• SUPPLIED DATA
>>

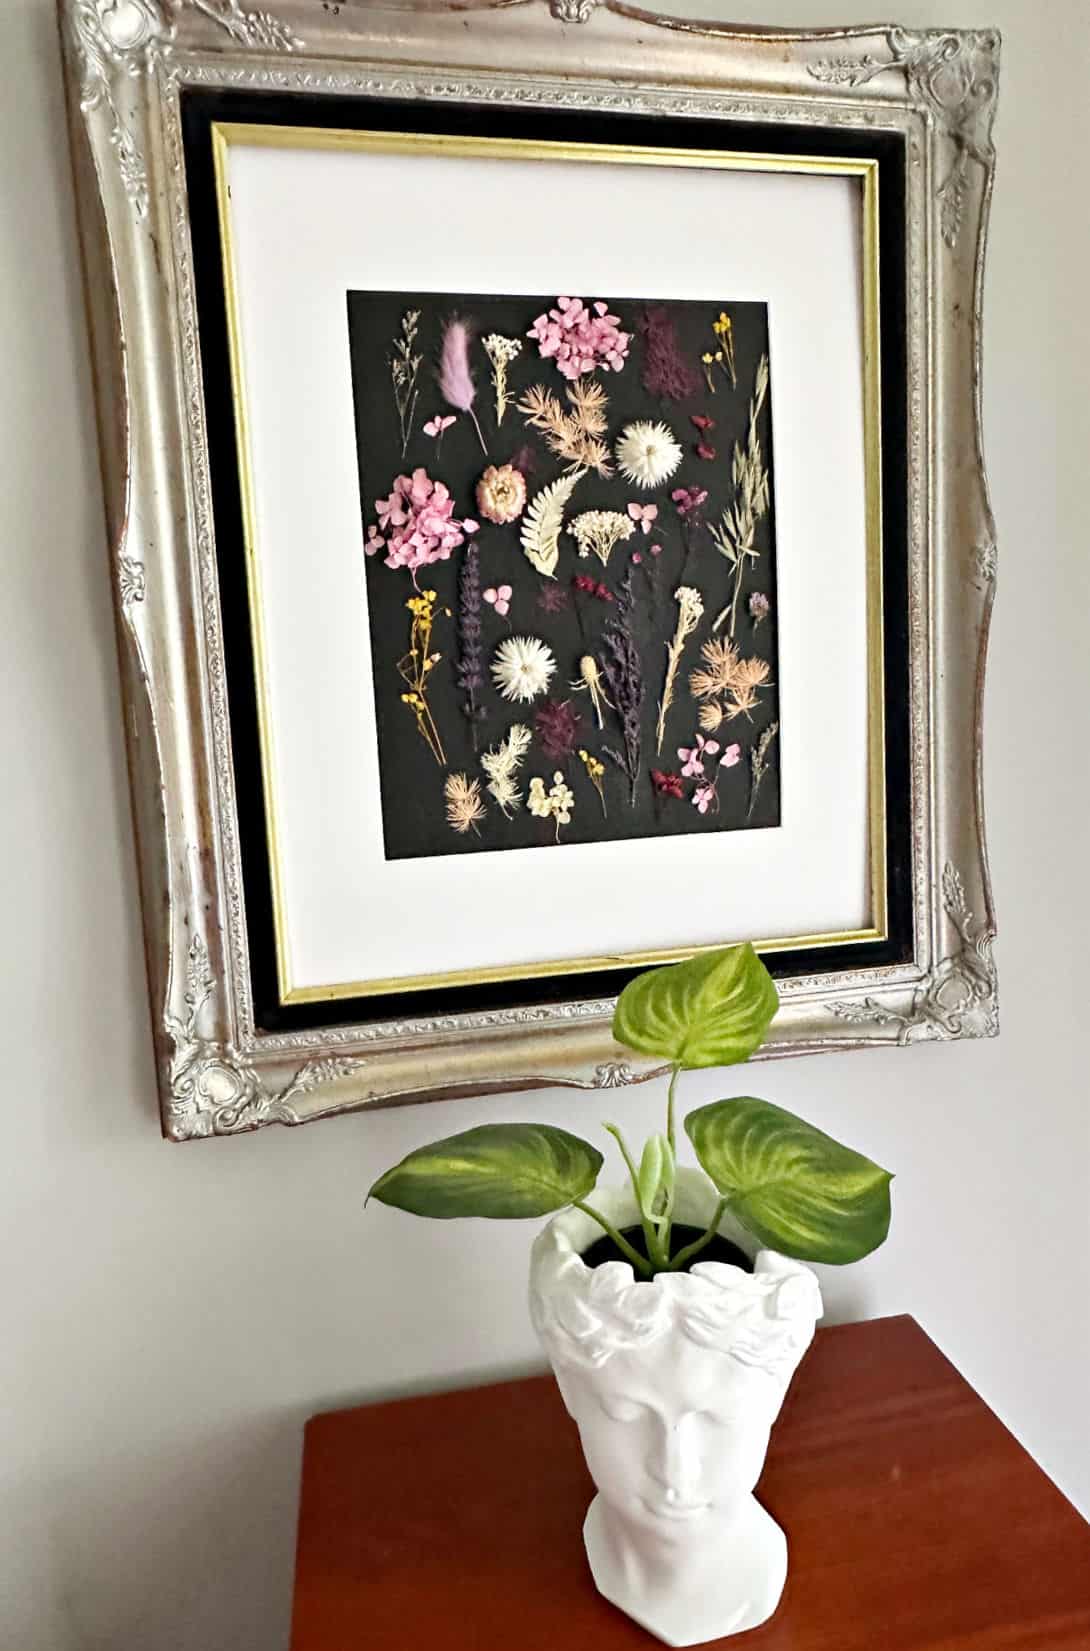 close up of framed dried pressed flower art on wall.
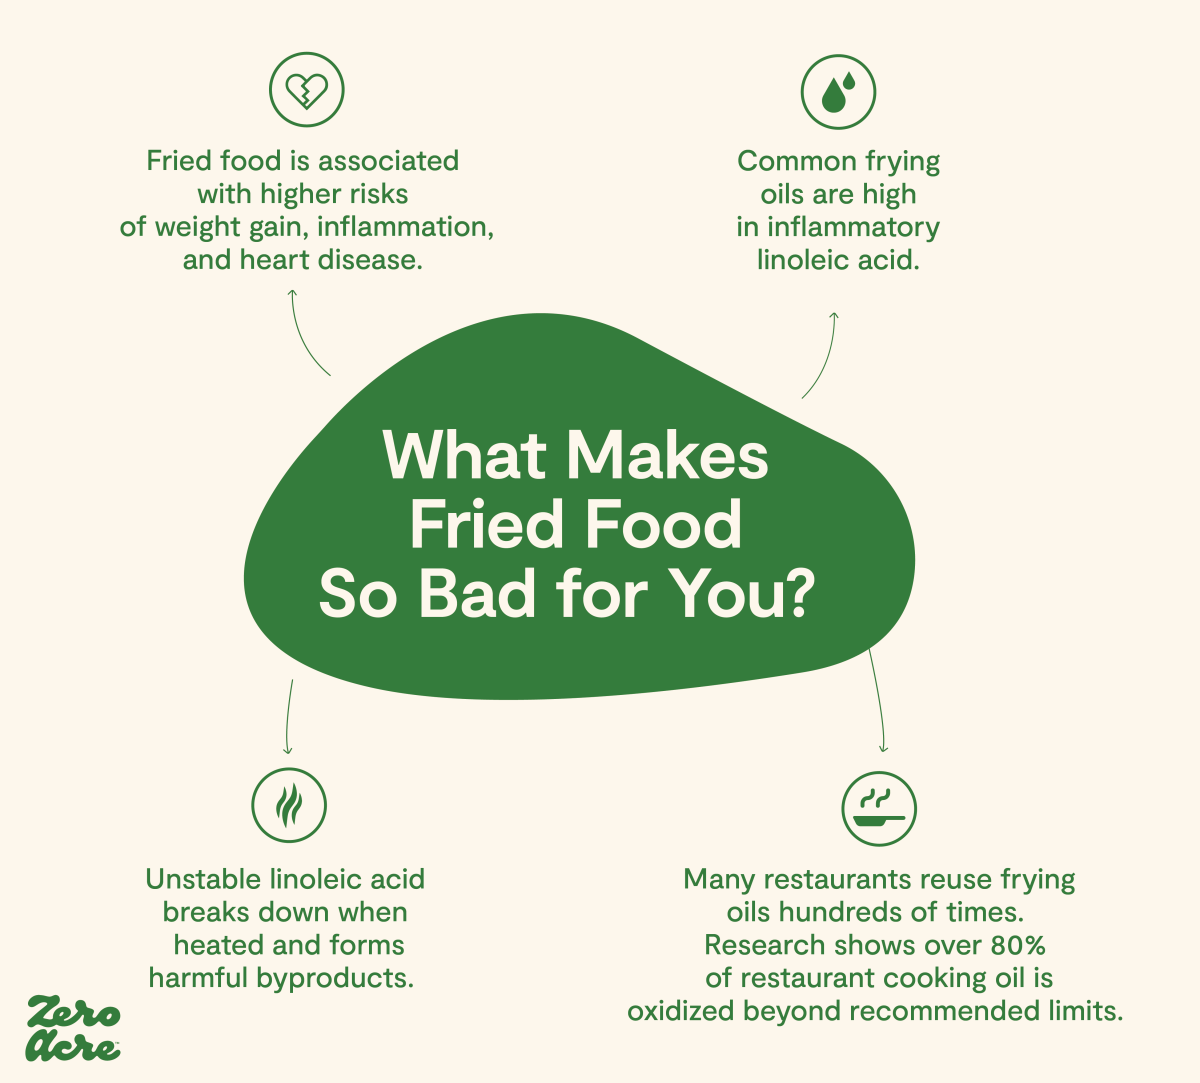 https://images.ctfassets.net/stnv4edzz8v3/4YVp36eehkRAg1ClhKKtaN/c3fc41c8bc9129ad53274c68ee5810a8/What_makes_fried_food_bad.png
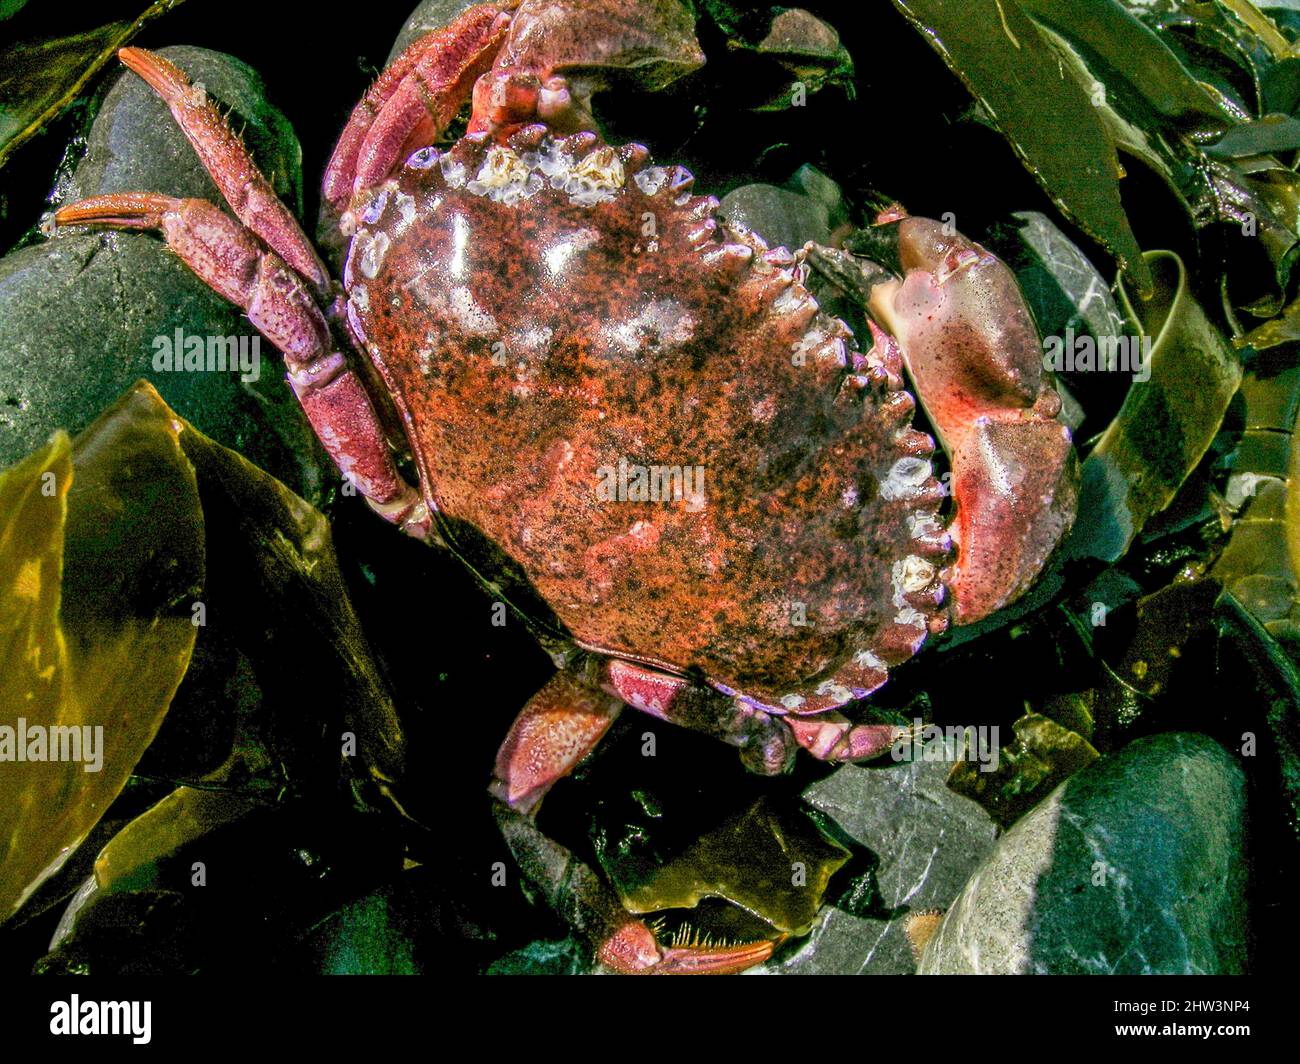 Cancer productus, one of several species known as red rock crabs
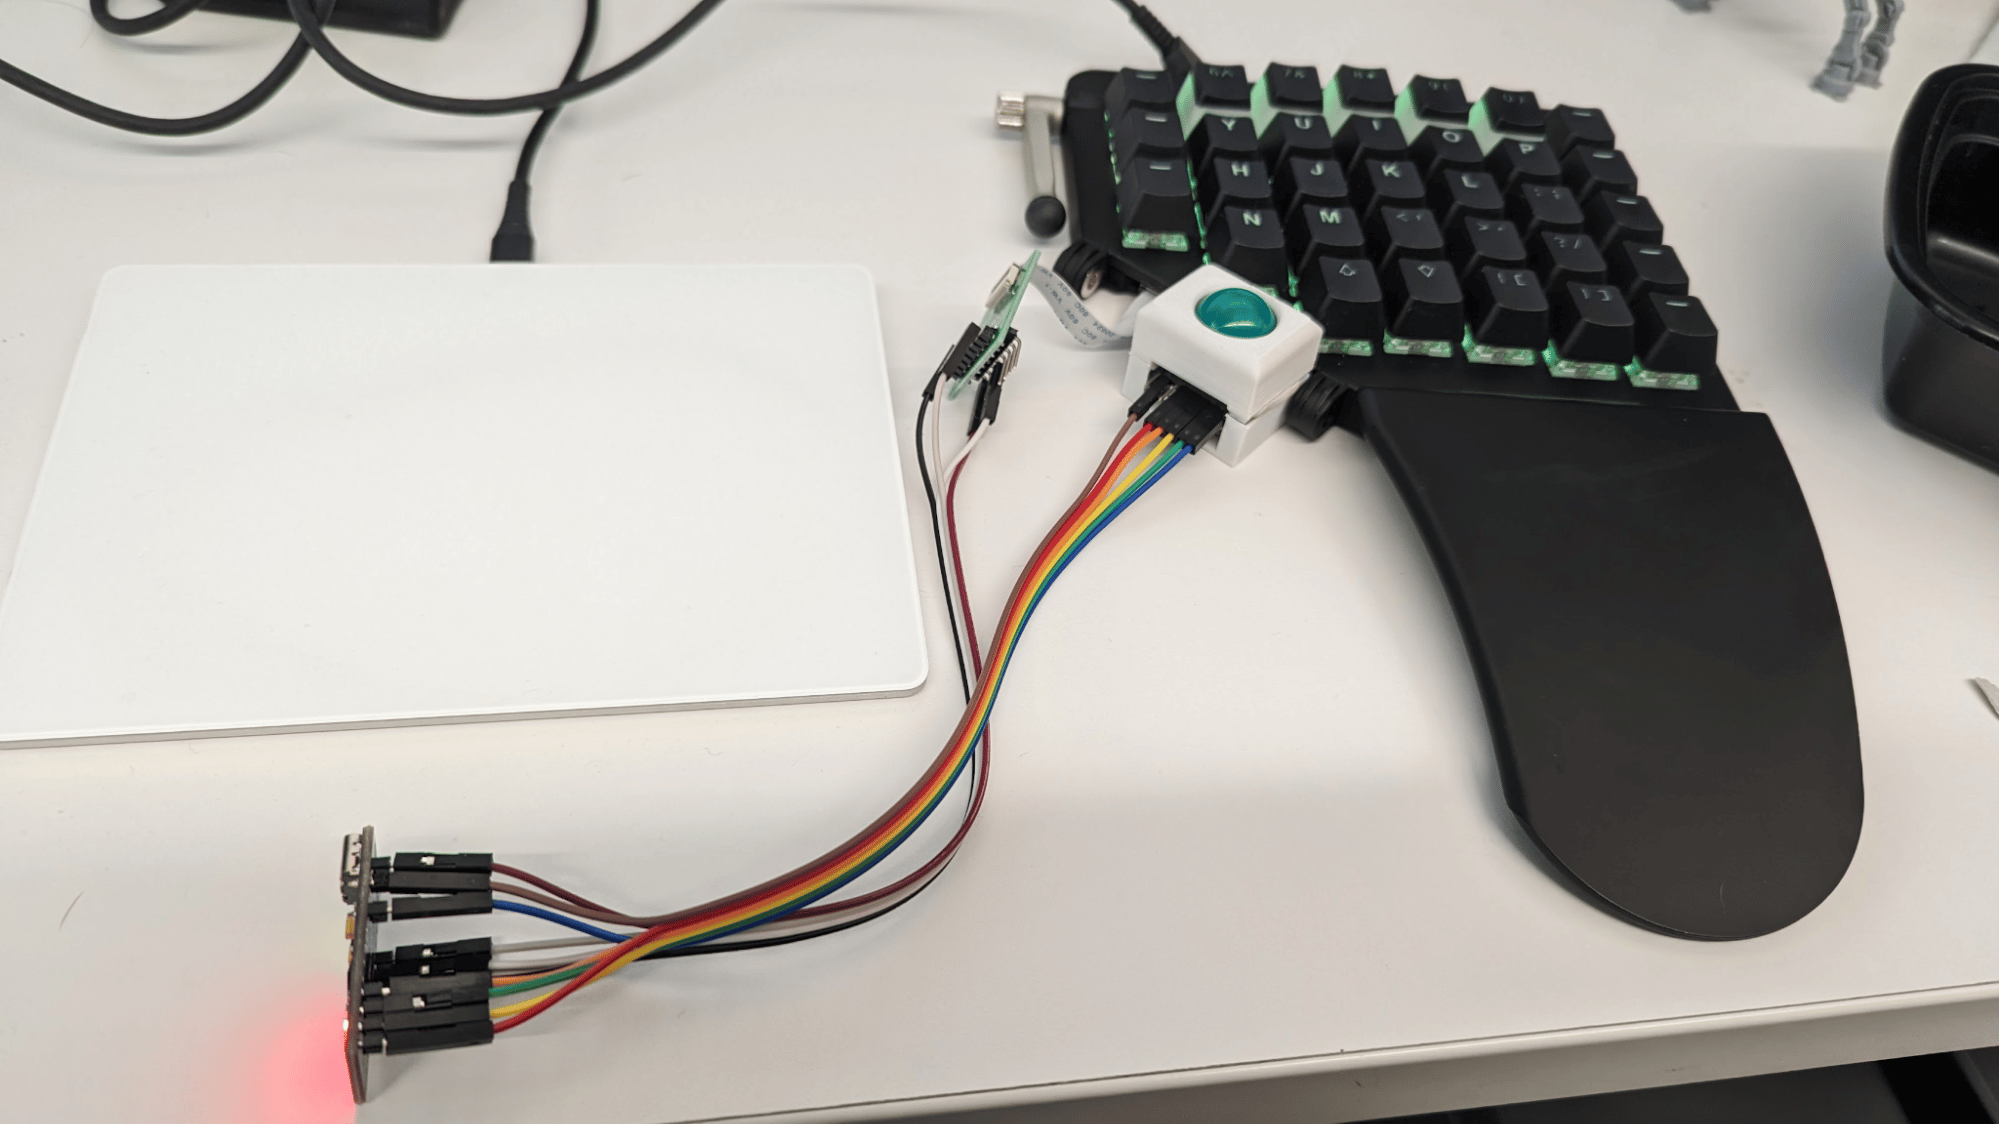 A picture of an early prototype of the Moonrover. The right trackpad for the Moonlander is completely gone, and in it's place is a trackball housing with a bunch of wires running to a microcontroller, which then has a bunch of wires running back to a ribbon cable breakout board, which is connected to the keyboard.

<<

• EXERCISE REQUIREMENTS
Word for word, restate each line above, minus its pictures.

• OUTPUT FOR THIS TASK
 close up of framed dried pressed flower art on wall.
 https://images.ctfassets.net/stnv4edzz8v3/4YVp36eehkRAg1ClhKKtaN/c3fc41c8bc9129ad53274c68ee5810a8/What_makes_fried_food_bad.png
 Cancer productus, one of several species known as red rock crabs
 A picture of an early prototype of the Moonrover. The right trackpad for the Moonlander is completely gone, and in it's place is a trackball housing with a bunch of wires running to a microcontroller, which then has a bunch of wires running back to a ribbon cable breakout board, which is connected to the keyboard.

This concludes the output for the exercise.